======== DATA BELOW ========
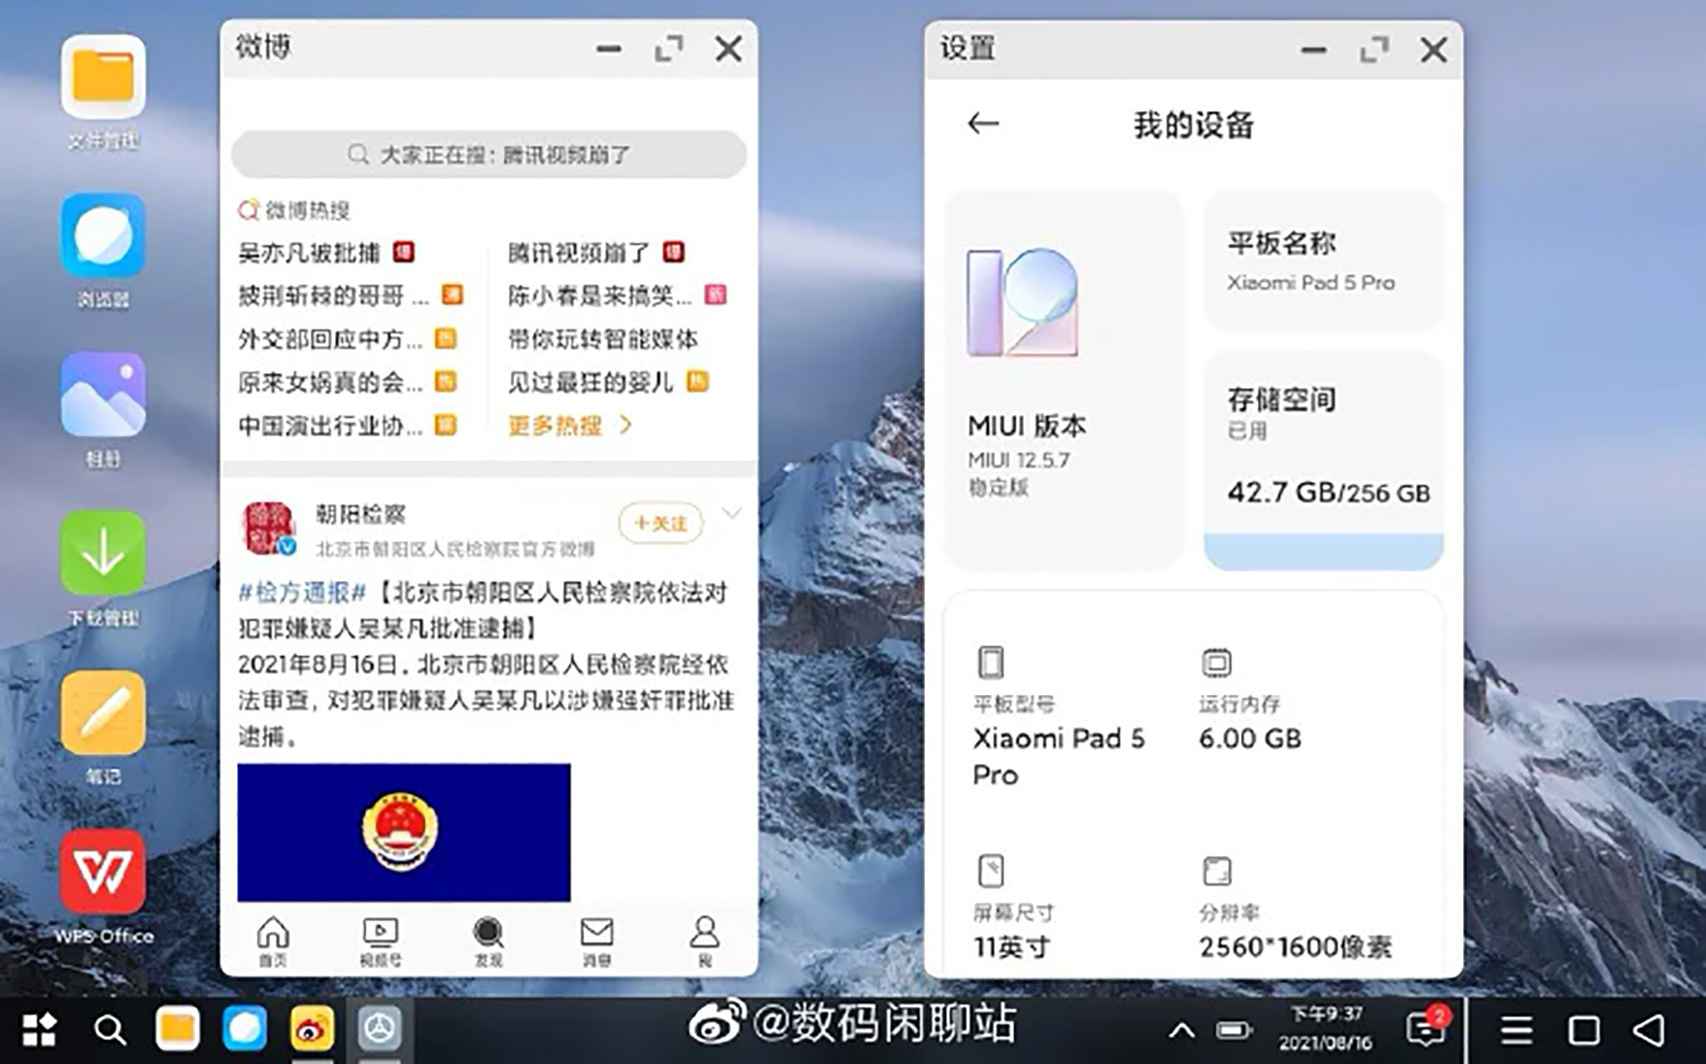 Pocket PC on the Xiaomi Mi Pad 5
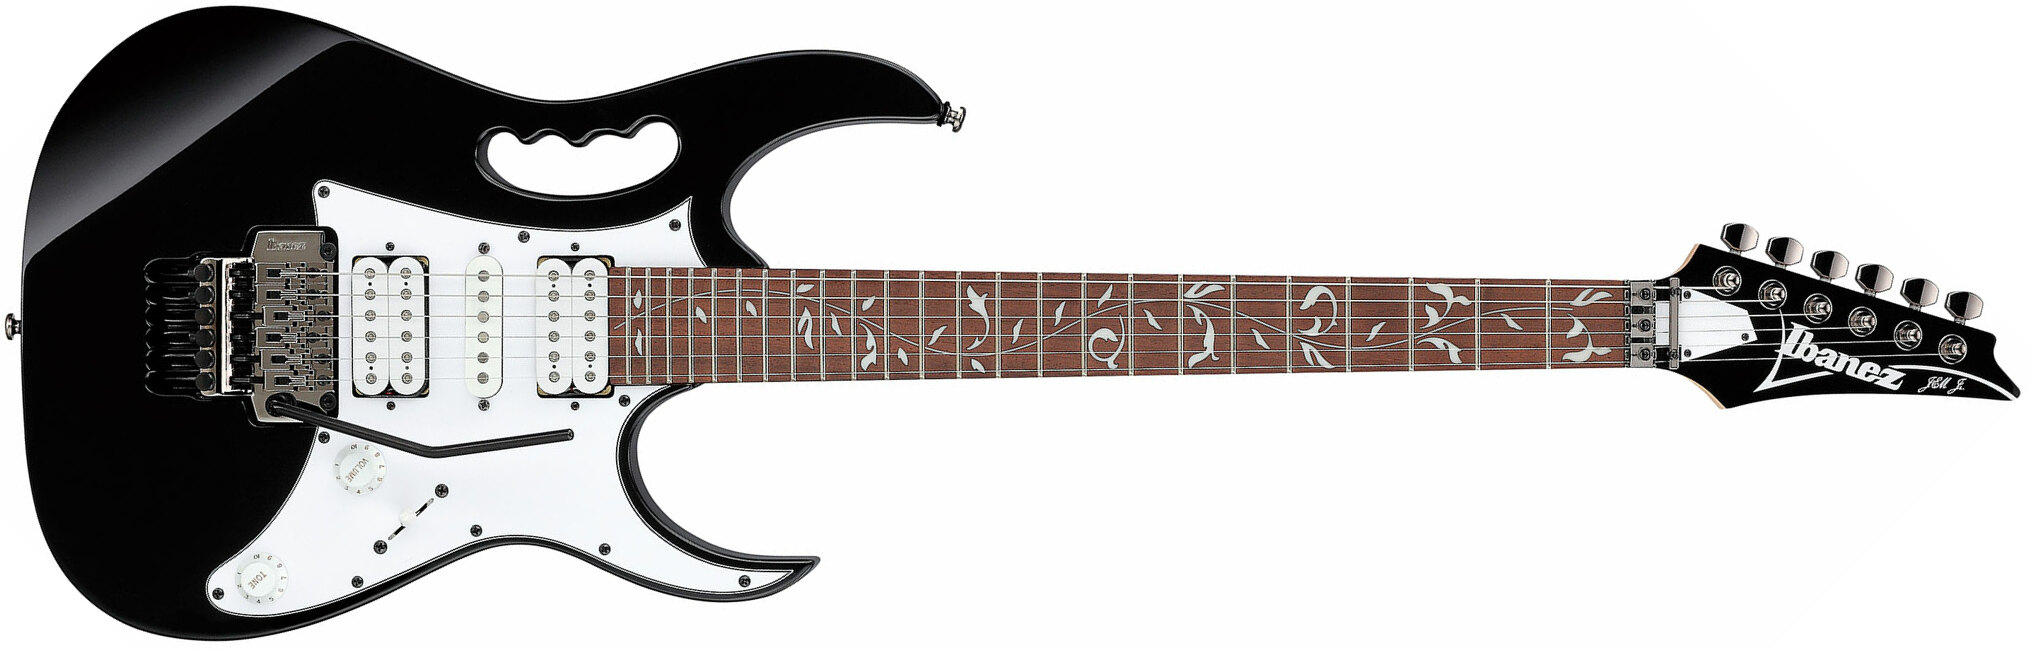 Ibanez Steve Vai Jemjr Bk Signature Hsh Fr Jat - Black - Guitarra eléctrica con forma de str. - Main picture
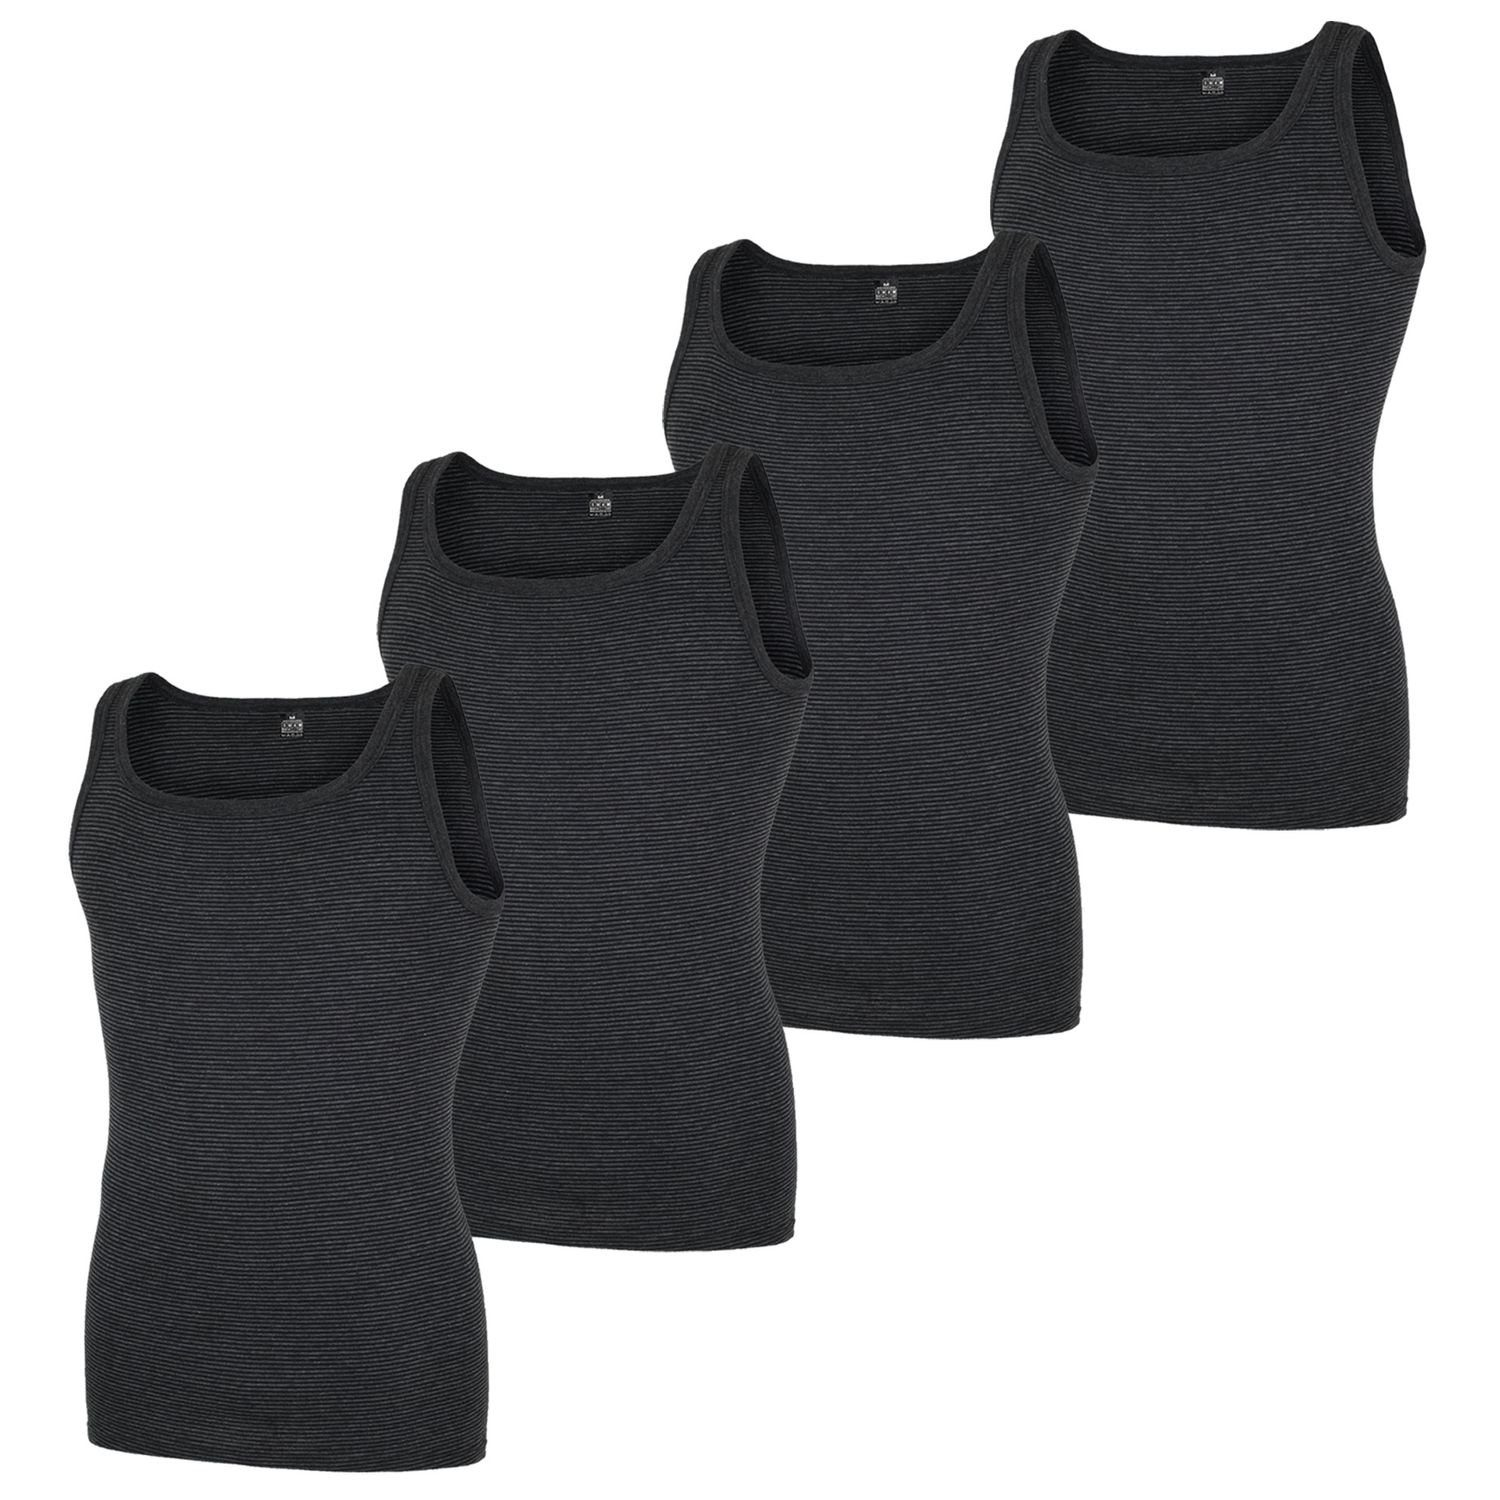 GÖTZBURG Unterhemd (Mehrpack, 4-St., 4 Stück) fein geringeltes Muster, keine Seitennähte, pflegeleicht (4er Pack) Anthrazit | Unterhemden
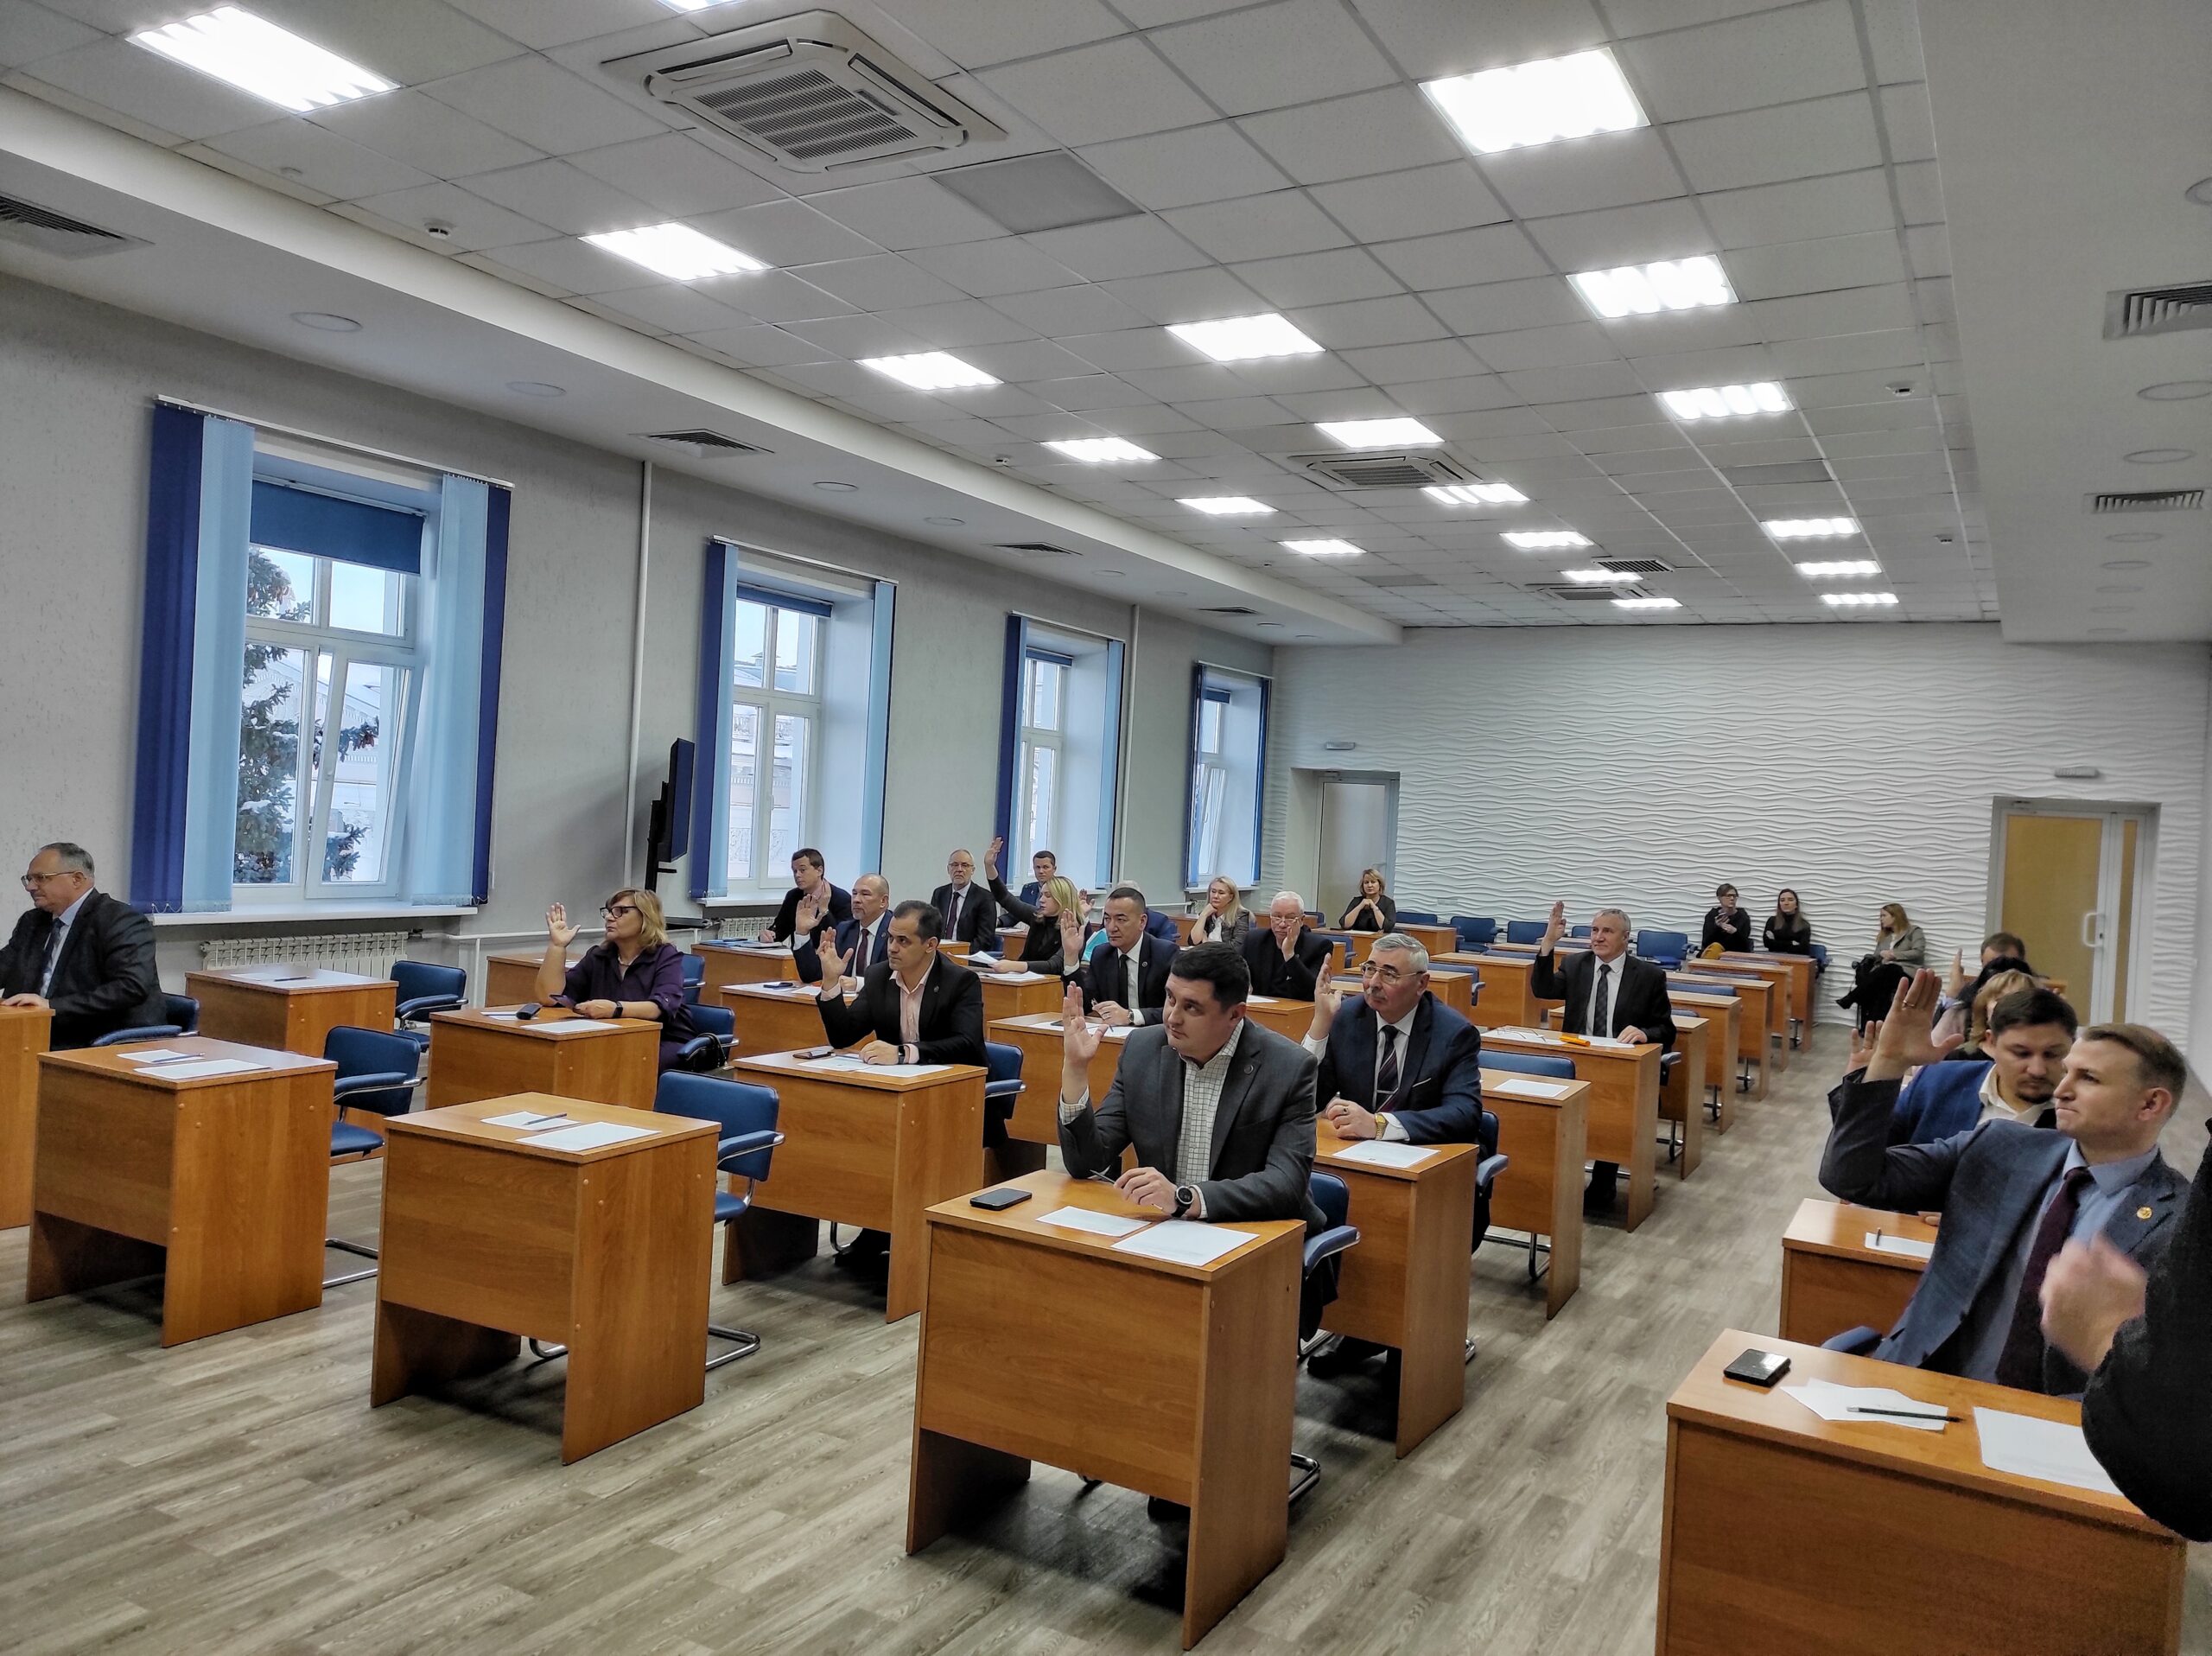 Сегодня прошла 36-я внеочередная сессия Совета депутатов ЗАТО г. Железногорск
========
TASK TO CARRY OUT -
Only the lines from the one holding "GÖTZBURG Unterhemd (Mehrpack, 4-St., 4" through the end of the data are to be printed, exactly as they stand and with no pictures.

YOUR RESPONSE -
 GÖTZBURG Unterhemd (Mehrpack, 4-St., 4 Stück) fein geringeltes Muster, keine Seitennähte, pflegeleicht (4er Pack) Anthrazit | Unterhemden
 Сегодня прошла 36-я внеочередная сессия Совета депутатов ЗАТО г. Железногорск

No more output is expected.